Я глотнул ройбуш и откусил пирожок с тунцом.
Странно. Кто же меня на пороге уговаривал распить французский коньяк?! Вот тебе и глубоко порядочный человек! Какие еще скелеты мы прячем в шкафу?
– А корпоративы?
– Вода, соки, чай, выпечка. Нам нужно мозги беречь. Мы же ученые!
– Понятно.
Наверное, мое «понятно» прозвучало несколько двусмысленно. Может быть, расслабившись, я не уследил за мимикой. Настроение Иры резко изменилось. От наметившейся симпатии не осталось и следа. Улыбка исчезла. Между нами выросла ледяная стена.
Свидание закончилось.
– А вы тоже грязные гадости про нас напишете? – настороженно спросила она.

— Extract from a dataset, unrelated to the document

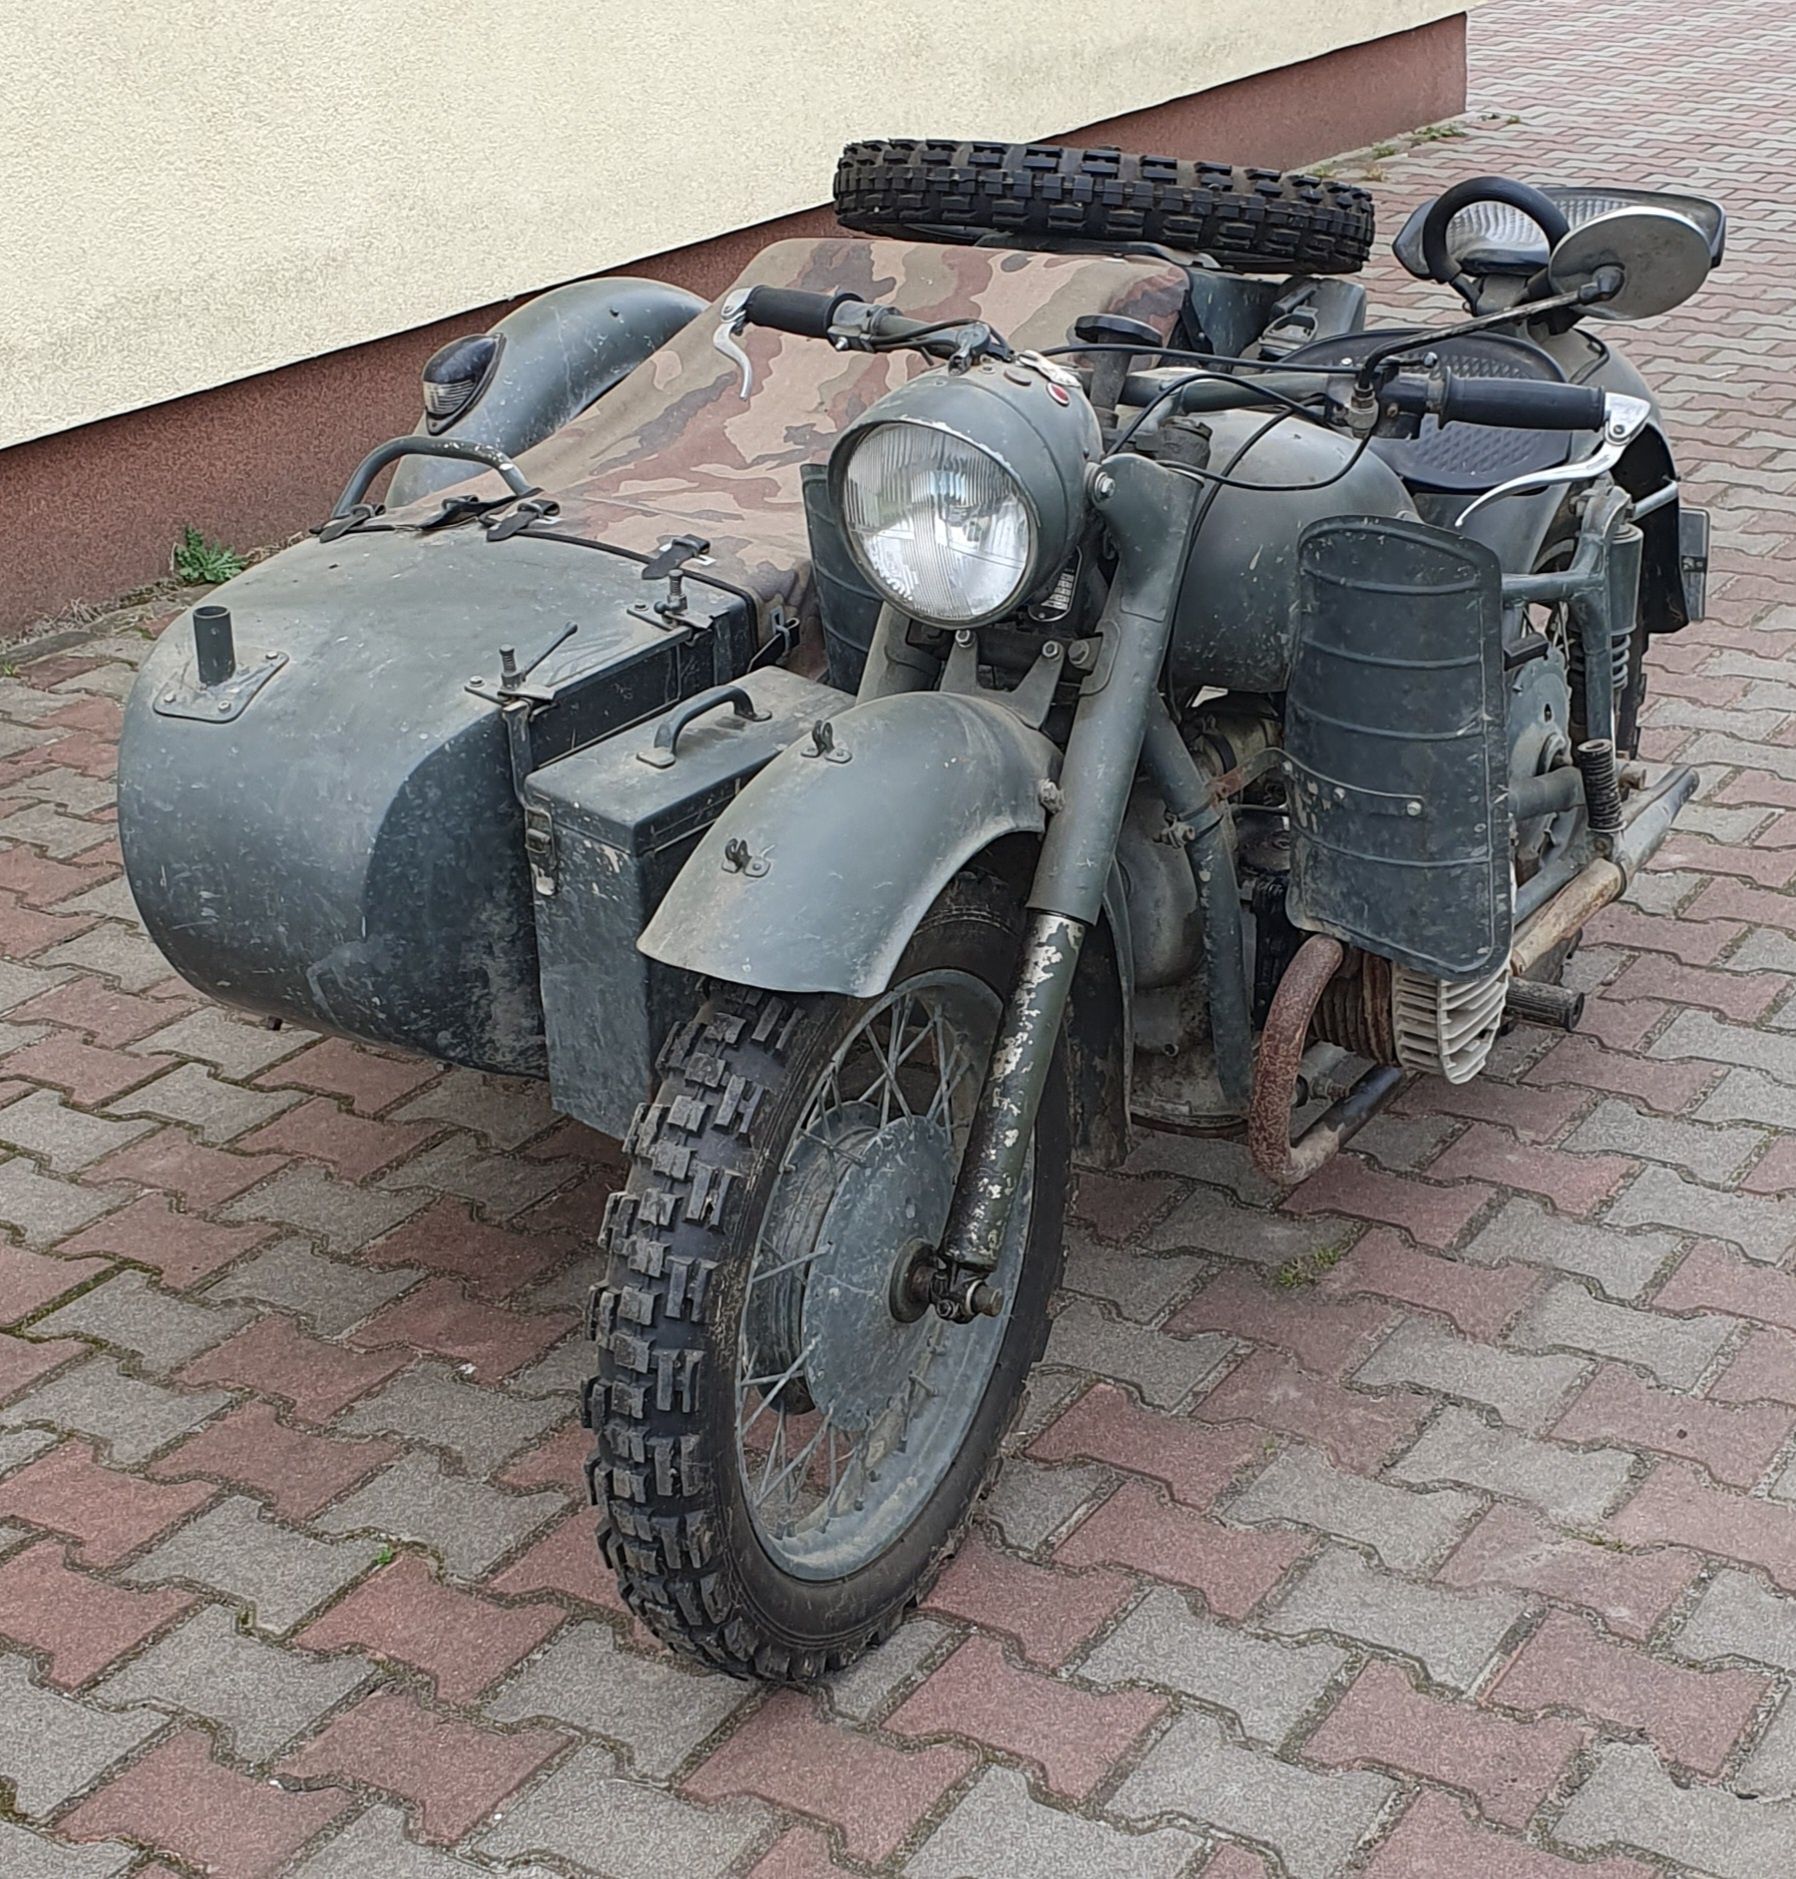 Motocykl K-750, Kaśka, zabytek

– Честно говоря, не планировал. Откуда такое беспокойство?
– Все пишут.
– Грязные гадости?
– В последней статье такое было: «Старый развратник на государственные деньги завел себе шикарный цветник и ни в чем себе не отказывает». Разве это…
Я прыснул. Сдержать смех не получилось. Прорвало. Пришлось закрыть рот ладонью, чтобы хоть как-то соблюсти приличия.
– «Шикарный цветник» – это сильно. Ха-ха. Тут я коллегу понимаю. Извините. Ха-ха! – И снова меня накрыл приступ смеха. – Вот так вот сидел, пил чай с плюшками, ха-ха, и потом гадости написал?
– Чай не пил! Предлагали – отказался! Спросил чего-нибудь погорячее. А мы такого добра не держим! Журналист обиделся. Ходил тут, всюду нос совал, вопросы скользкие задавал. В основном личного характера. Досугом нашим интересовался. Хотел узнать, в какие клубы ходим, рестораны, театры, какие мальчики нам нравятся, какой алкоголь предпочитаем.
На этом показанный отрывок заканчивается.